Once you have established a desirable method of remote communication, you will need to be able to interpret non-verbal signs without taking offence. This takes some practice as we are so used to interacting face-to-face. It is a challenge to interpret the emotions and intentions behind a voice over the phone or via an email.
Be aware of offering common platitudes to a person who is grieving. Put yourself in their shoes. You wouldn’t want someone to tell you that everything is okay, because the truth is that everything is really not okay. Let them know that you understand this is a difficult time for them. Some people may withdraw, while others will be emotional and vocal. Whatever their response, remember to listen more than you talk. Also, resist the urge to give them advice as it may just build resentment. However, if they ask for your opinion, only then offer it.
If you have established a comfortable relationship with the bereaved, a bit of tasteful humour – at the right time – always lightens the emotional burden for a time. Use funny examples of everyday life to try and make them laugh.
Listen, Listen, Listen
Although we mentioned this earlier in the article, listening is a skill that many people lack, yet is vital for the bereaved. Allow them to express themselves without judgement or criticism. Do not offer advice unless they specifically ask you for it. Remember that this is about helping the person who is in mourning, not working on your counselling skills. There are professionals for that.
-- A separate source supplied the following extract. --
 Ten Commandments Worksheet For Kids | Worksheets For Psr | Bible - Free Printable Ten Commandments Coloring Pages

Make a point of asking the bereaved how they feel and then keep quiet. Again, allow them time to talk. Listen carefully to what they say so that you can pick up important cues on what to ask next. This skill will allow you to keep track of their emotional healing. If you feel that they are sinking deeper into a depression, you will then be in a position to suggest professional counselling on account of what you have witnessed.
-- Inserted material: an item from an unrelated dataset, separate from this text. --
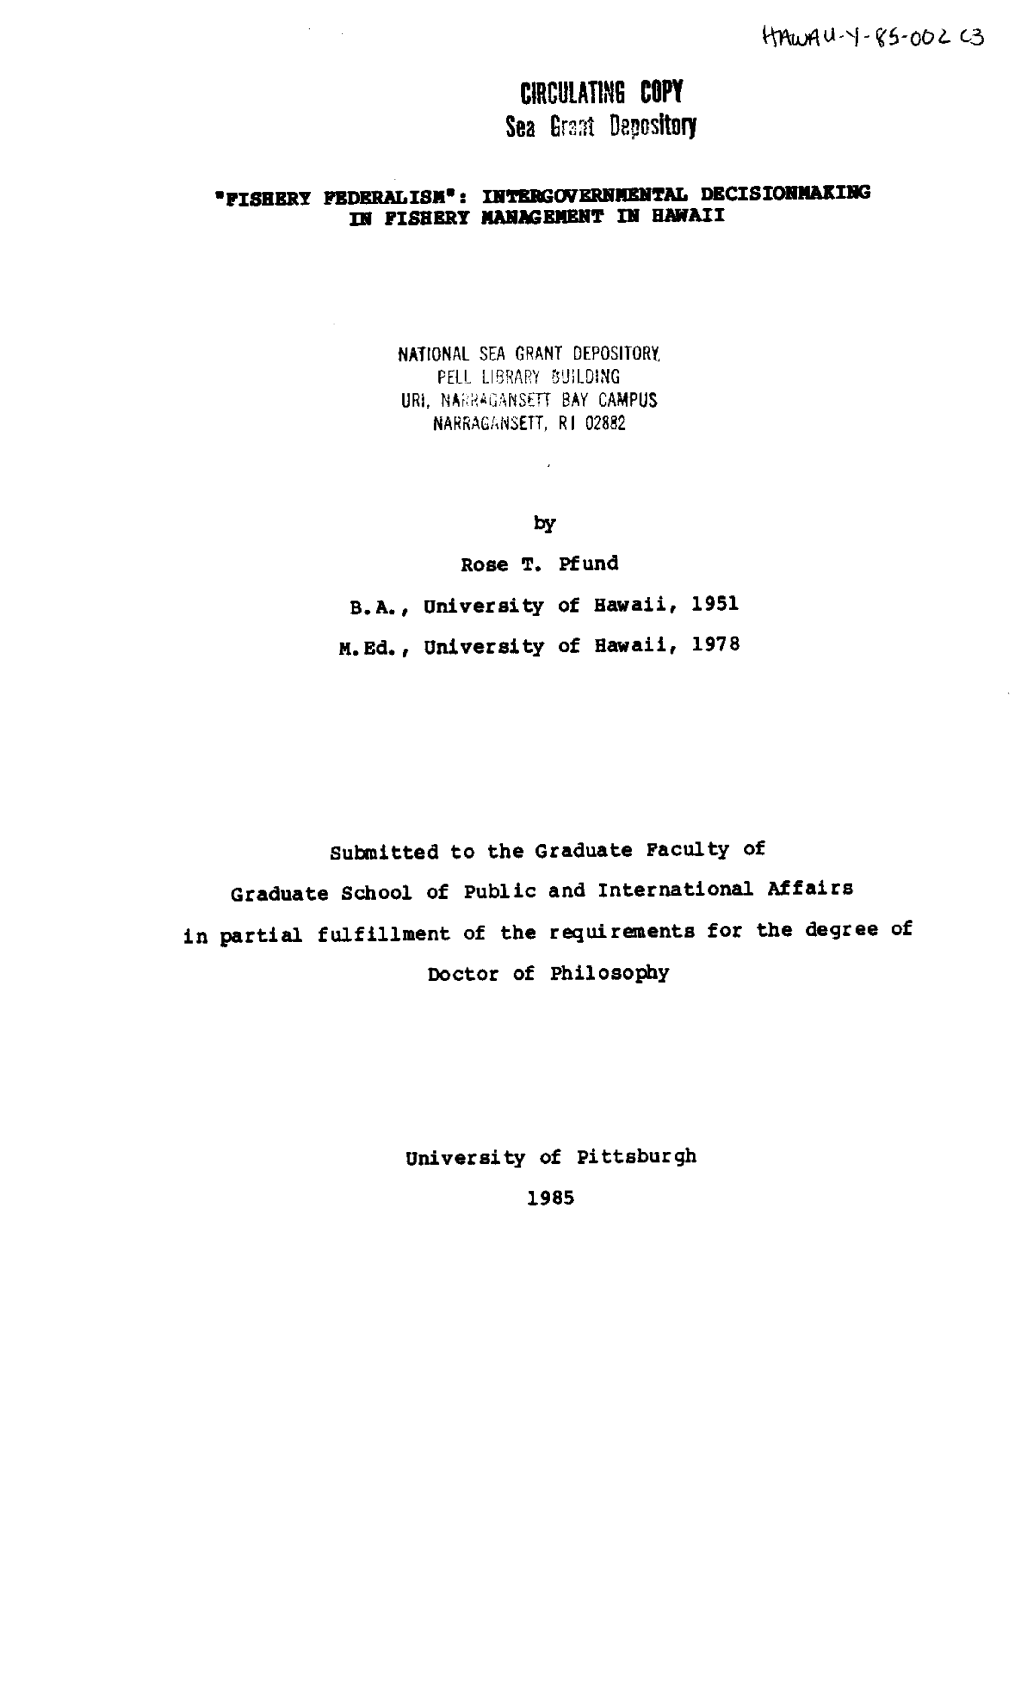 Complete Document / HAWAU-Y-85-002

Finally, try not to take it personally if the bereaved does not seem interested in making contact initially. It’s important just to let them know that you are there when they are ready. Remember that staying in touch with everyone may add to their current stress levels, and depending on their personality type, they may find it quite draining to be constantly communicating. Know when to give them space and when to stay in touch.
Lockdown and isolation may present some challenges in providing emotional support, but with a bit of thought and ingenuity, they can be overcome relatively easily.